The Conservatives are launching their own trade union movement to win over “moderate” unionists
The Conservatives are launching their own trade union movement, which will target workers unhappy with more “militant” leaders.
It might sound like an oxymoron, but Harlow MP and the party's deputy chairman Rob Halfon said the Conservative Workers and Trade Union movement was designed for right-wing trade unionists.
“There will be a voice for moderate trade unionists who feel they may have sympathy with the Conservatives,” he told The House magazine. “There will be a new website and people will be able to join.”
Halfon went on to defend the Conservatives' stance towards unions. Always somewhat frosty, it's fair to say the relationship between the two has worsened over the government's controversial Trade Union bill. Critics claim it will undermine support for workers by making it more difficult for unions to strike.

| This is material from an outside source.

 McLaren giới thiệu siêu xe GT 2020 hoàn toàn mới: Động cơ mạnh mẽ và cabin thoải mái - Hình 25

Labour MP Angela Eagle blasted it earlier this week as an "attack on basic freedoms".
But Halfon insisted the Tories were “the party of trade unions”.
“It was a Conservative Prime Minister, Disraeli, who legislated to allow trade unionism. Even Margaret Thatcher said we should protect the trade unions,” he said.

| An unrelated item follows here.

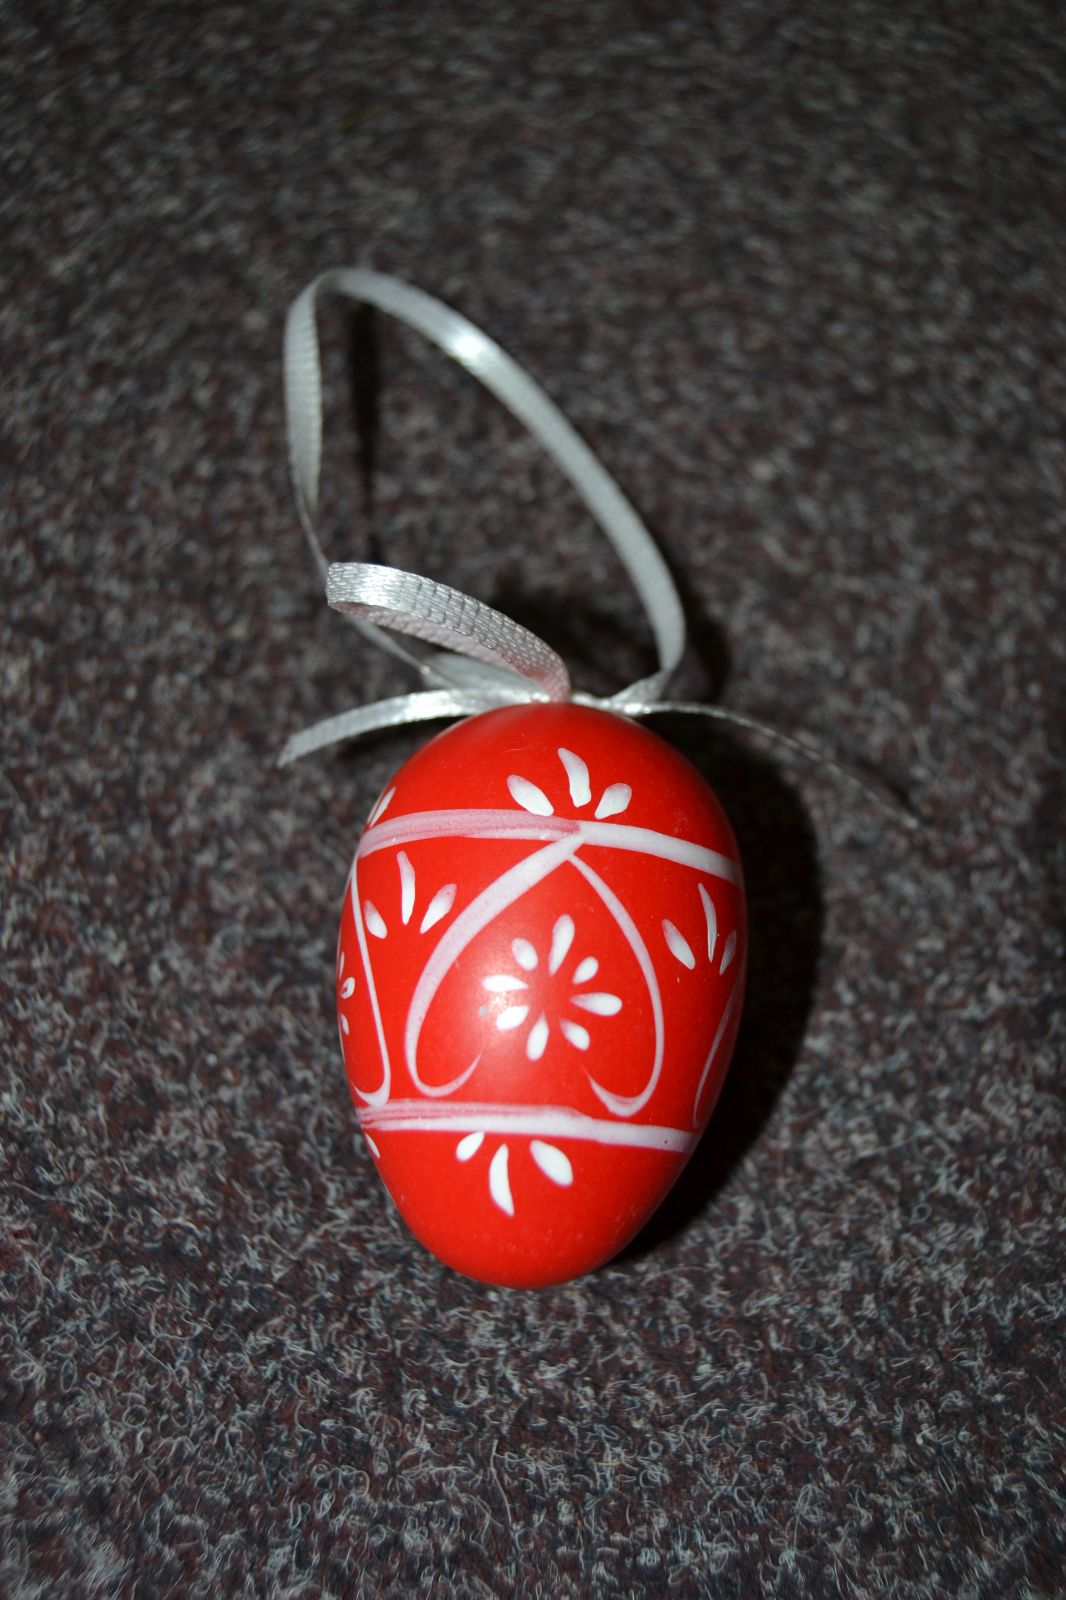 Velikonoční kraslice č. 3 - 6cm, vajíčko, vejce

“But I think that trade unionism should be for the many, not the few. And at the moment, so much of it, you see it through the – going back to prisms – the prisms of a few militant leaders who I believe don’t represent the thousands of ordinary trade union members.”

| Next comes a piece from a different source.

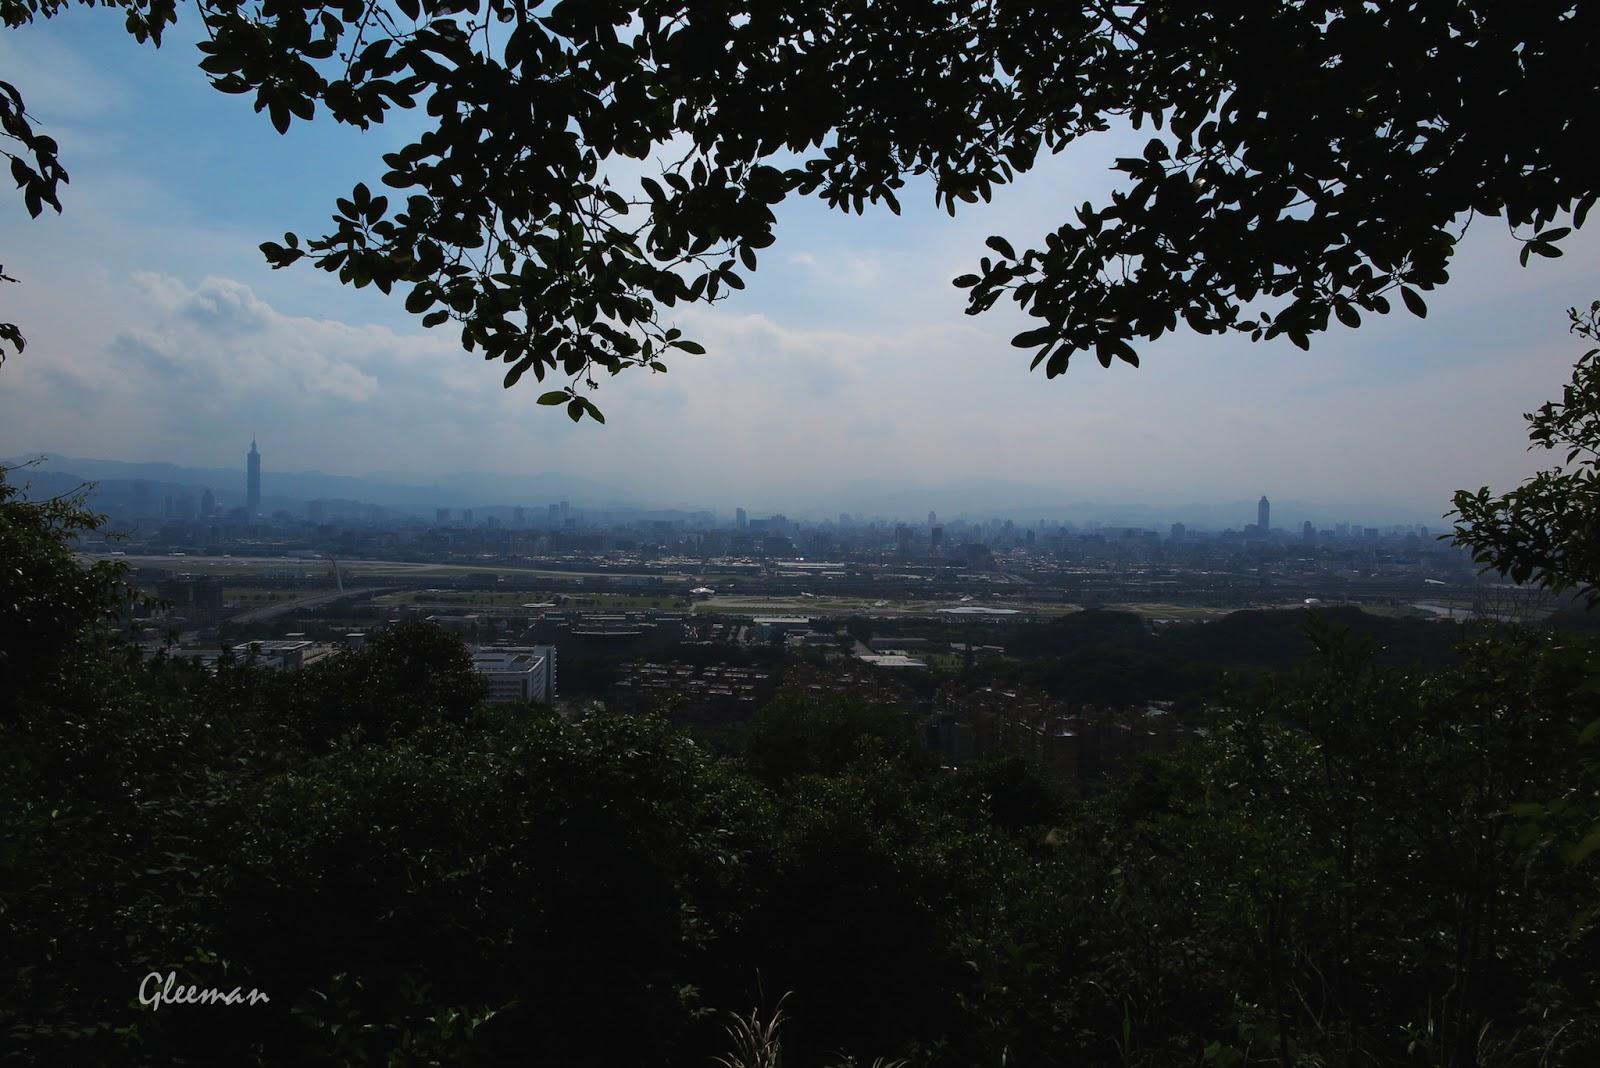 眺望通北街一帶國宅及更遠處的臺北市區。

Unsurprisingly, union leaders have been baffled by the plans.
FBU general secretary Matt Wrack told Union News it was “bizarre”.
“[The Conservatives] have stolen workers’ pensions. They are making the workplace more and more unbalanced in favour of employers. Presumably the Conservative trade unionists will be masochistically cheering this all on. It’s just weird.”
TSSA general secretary Manuel Cortes said it was “a shallow gimmick without any foundation or basis in reality”.